Although the traditional dose of ferrous sulfate is 325 mg (65 mg of elemental iron) orally three times a day, lower doses (for example, 15-20 mg of elemental iron per day) can be as effective and cause less side effects.
To promote absorption, patients should avoid tea and coffee and can take vitamin C (500 units) with the iron pill once a day.
If ferrous sulfate has unacceptable side effects, ferrous gluconate, 325 mg daily (35 mg elemental iron) is a possible alternative for patients who can not tolerate ferrous sulfate.
A study in Iran showed that iron supplements at low doses once a week can be effective in improving iron status and treating iron deficiency anemia.
Mozaffari-Khosravi randomly selected and assigned 193 adolescents between 14 and 16 years of age to receive 150 mg of ferrous sulfate once a week for 16 weeks or without iron supplements.
Before and after the intervention, the percentage of anemia, iron deficiency anemia and iron deficiency was measured in both groups of girls.

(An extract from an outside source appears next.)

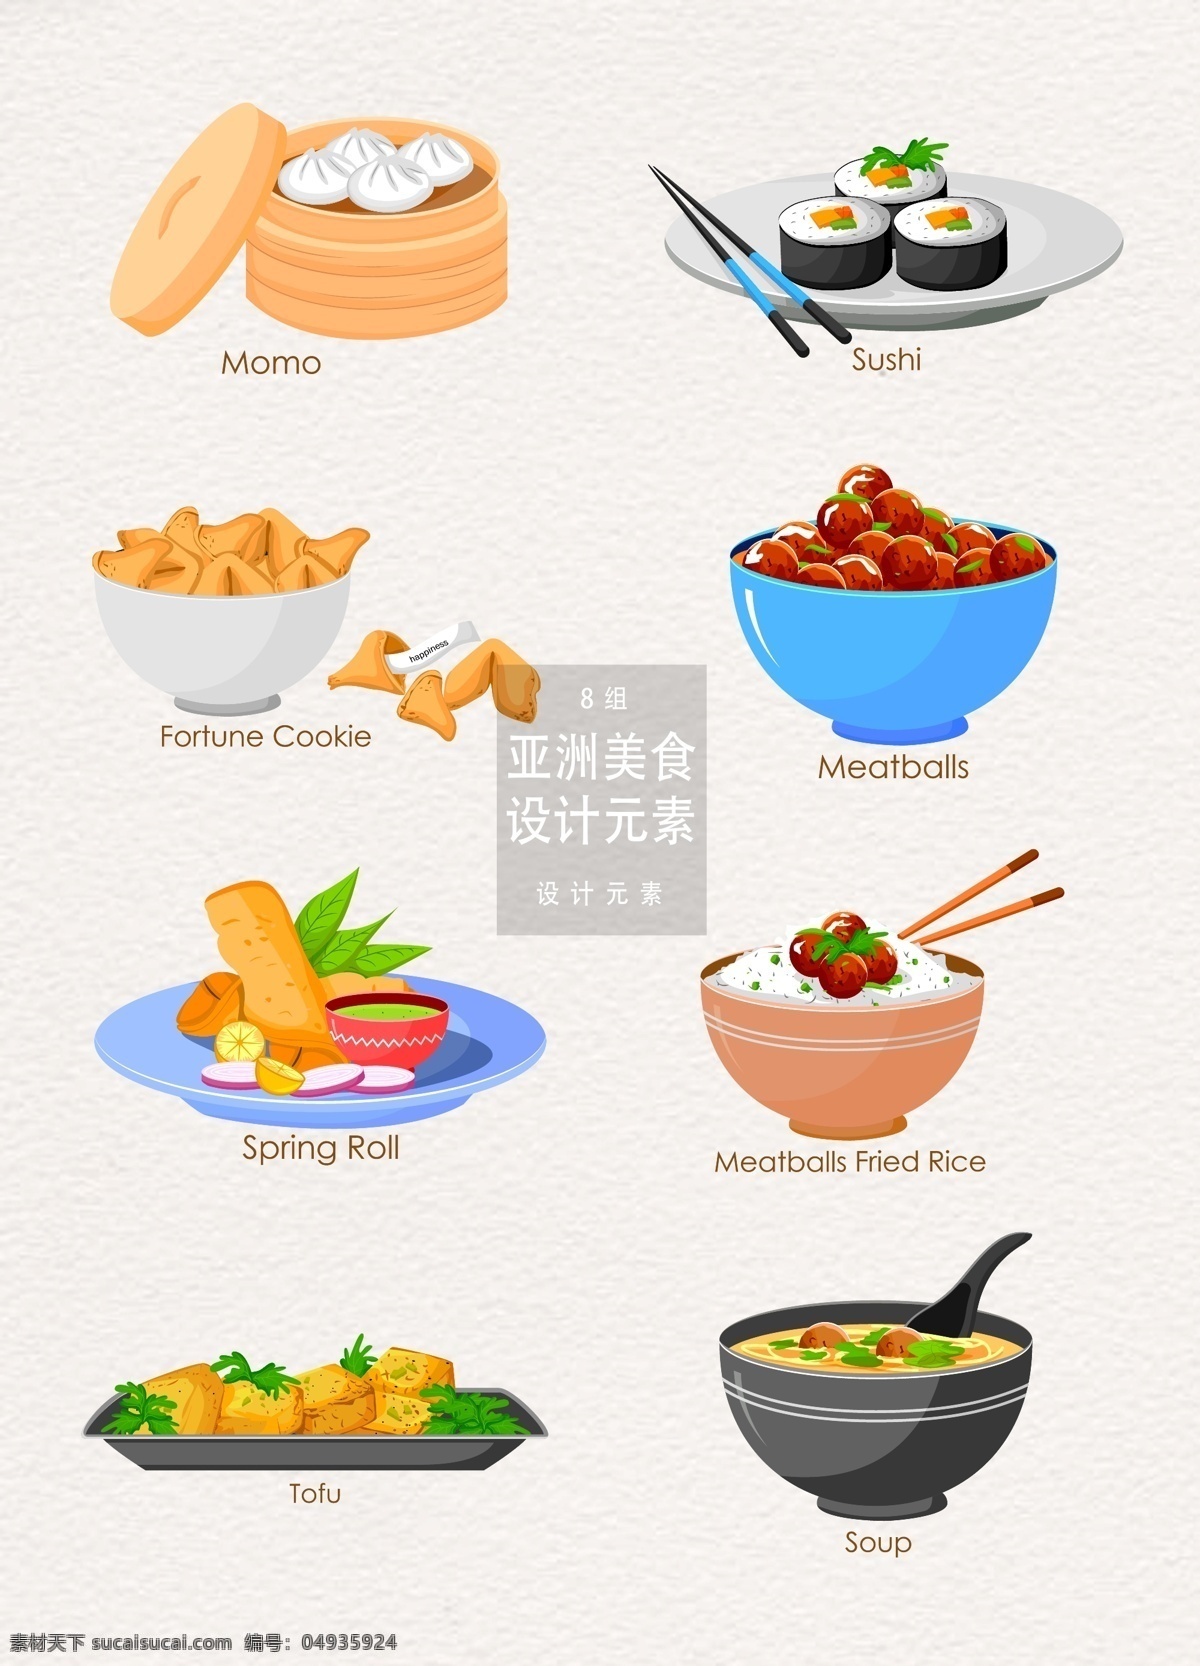 亚洲 中国 食物 插画 元素 设计元素 蒸笼 包子 寿司 米饭 食物插画 中国食物 亚洲食物 汤

Although the parameters measured before the intervention were not significantly different, at the end of the 16 weeks, the group that received the ferrous sulfate had a significant improvement in the same parameters. In addition, all cases of iron deficiency anemia were resolved in the group that received the low dose of iron
Nutrition Therapy and Food Considerations
Nutritional therapy is used to treat iron, vitamin B-12, and folic acid deficiencies. Pyridoxine may be useful in the treatment of certain patients with sideroblastic anemia, although this is not a deficiency disorder. A strict vegetarian diet requires iron supplements and vitamin B-12.

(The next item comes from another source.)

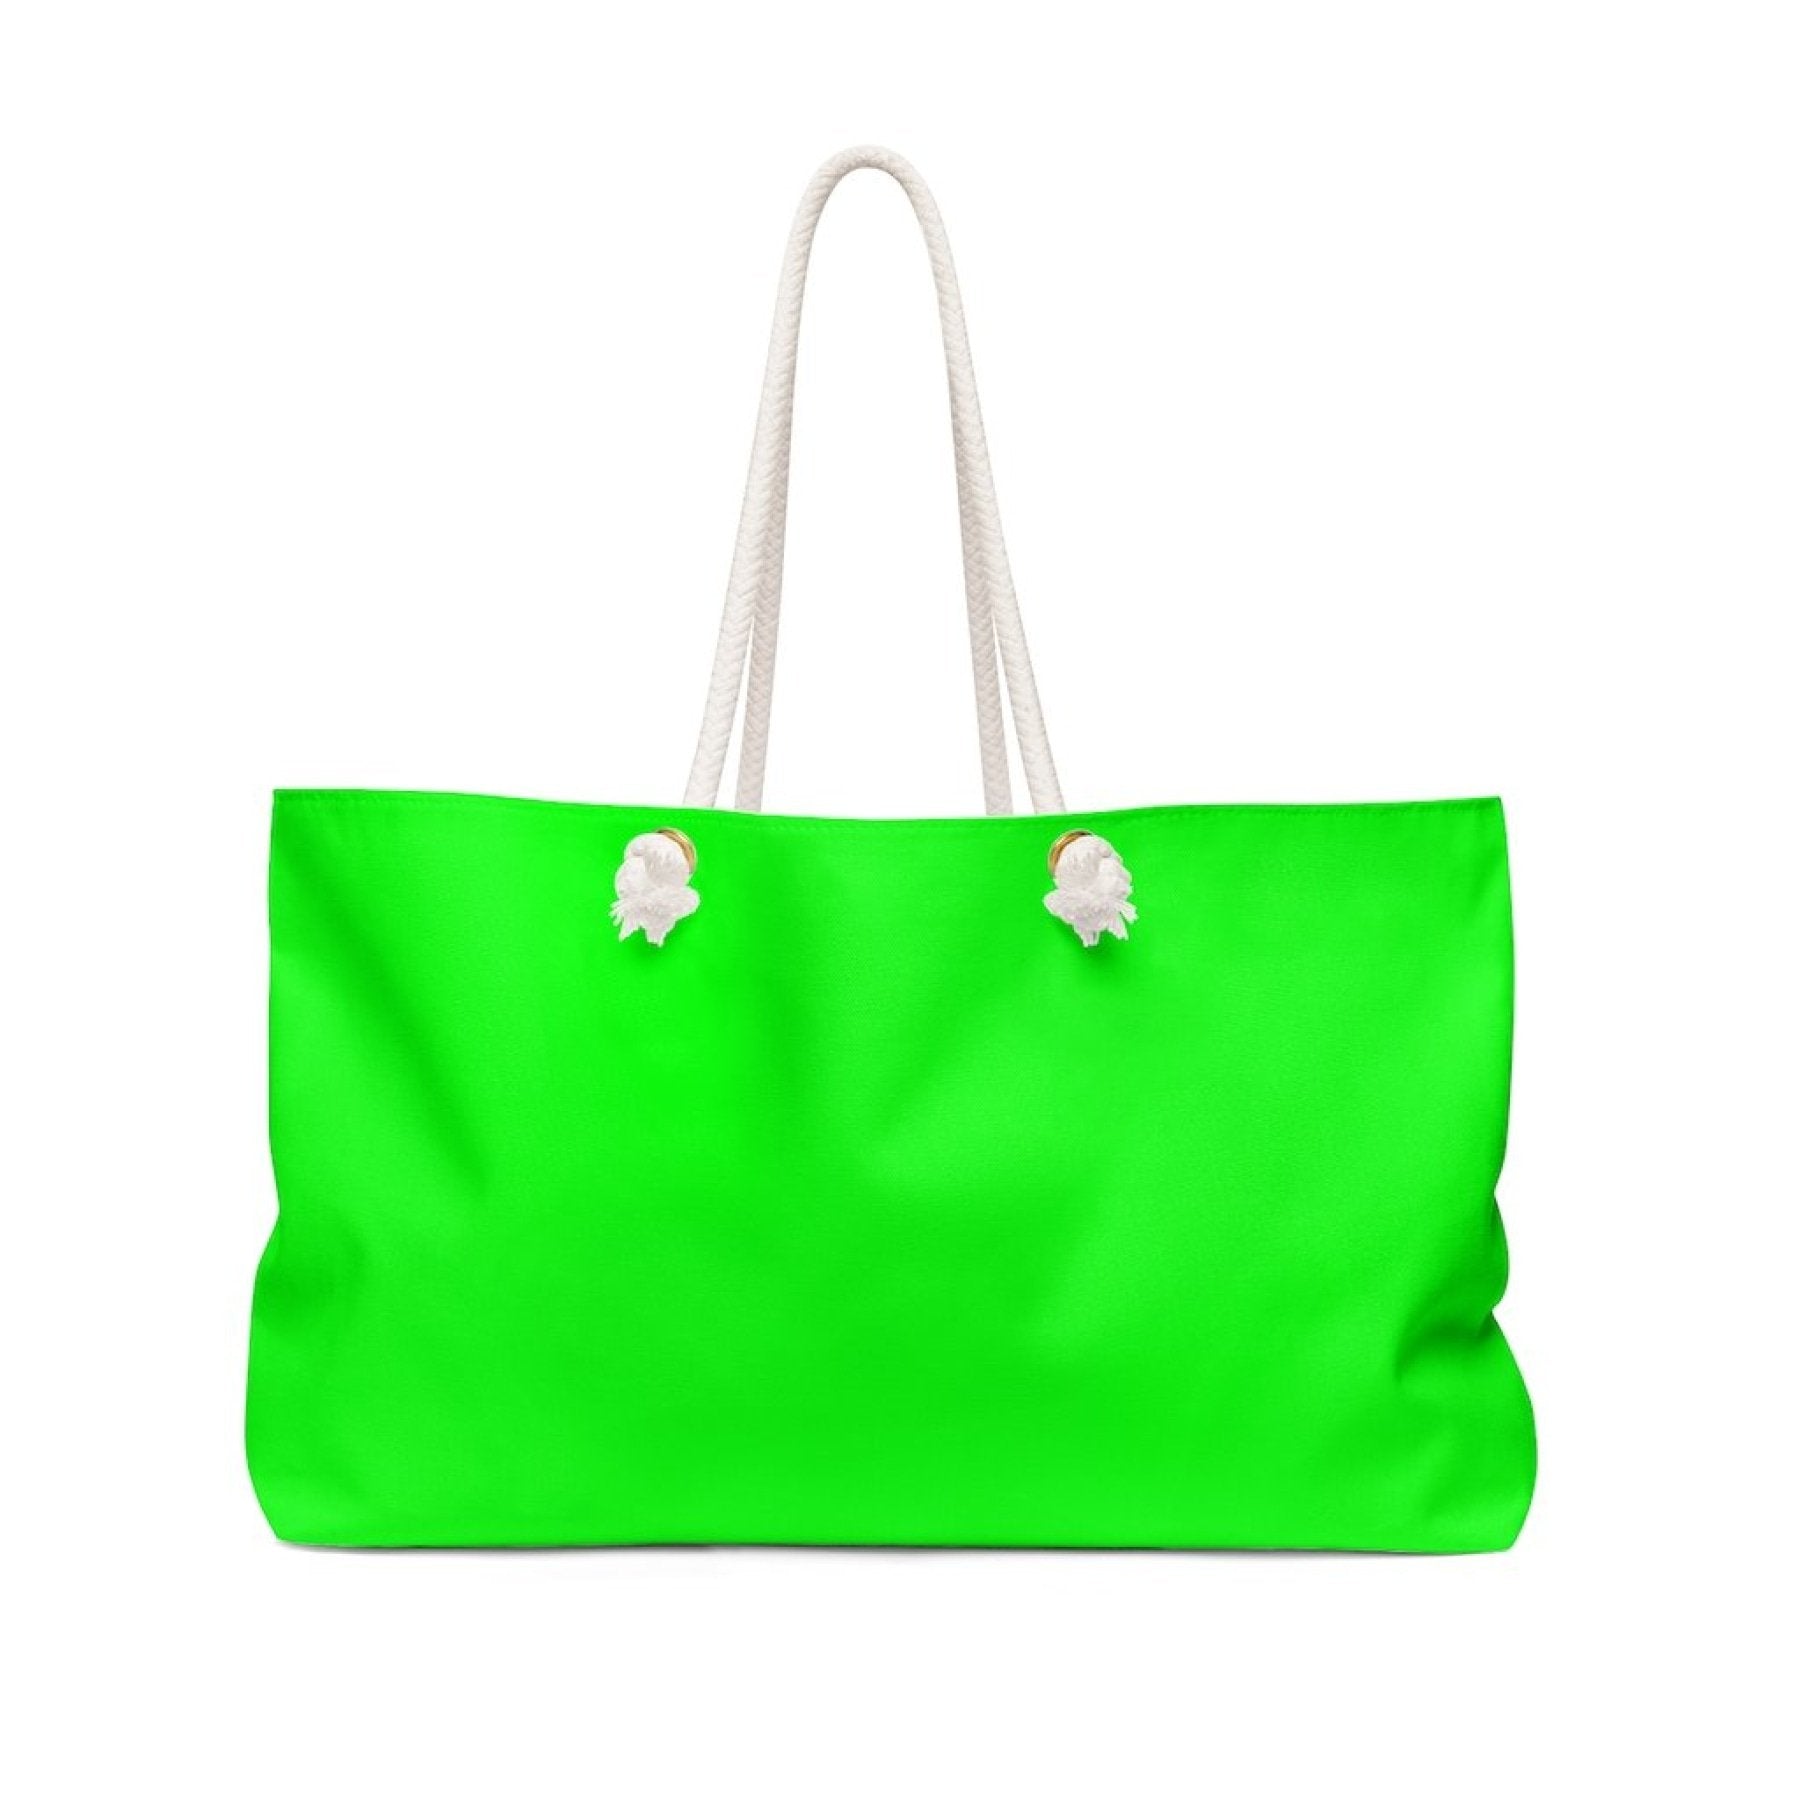 Neon Green Weekender Tote Bag

Iron deficiency anemia prevails in geographic locations where there is little meat in the diet.
Many of these places have enough dietary inorganic iron to match the iron content in people who live in countries where meat is eaten. However, heme iron is absorbed more efficiently than inorganic iron for food.
Folic acid deficiency occurs among people who consume few leafy vegetables. The coexistence of iron and folic acid deficiency is common in developing nations.
Food for anemia
What foods are high in iron?
Iron in food comes from two sources: animals and plants. Iron from animal sources is known as heme iron and is found in various meats and fish.

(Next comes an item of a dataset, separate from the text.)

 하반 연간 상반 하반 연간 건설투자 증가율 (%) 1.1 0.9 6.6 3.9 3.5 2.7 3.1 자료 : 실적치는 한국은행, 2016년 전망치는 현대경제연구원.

The iron in plants is known as non-heme iron, and is found in certain vegetables and iron-fortified foods, such as breakfast cereals. Heme iron is better absorbed by the body than non-heme iron. The following foods are good sources of iron heme (of animal origin):
- Chicken’s liver.
- Cow liver.
- Beef (grilled chulet, lean ground beef).
- turkey leg
- Leg of lamb.
The following foods are good sources of non-heme iron (from plants):
- Raisin bran (enriched).
- Instant oatmeal
- Beans (lime, Marina).
- Pan integral.
- Peanut butter.
- Integral rice.
Try combining non-heme iron foods with vitamin C (for example, a glass of orange juice) to increase iron absorption. Talk to your health care provider to determine the amount of iron you need every day.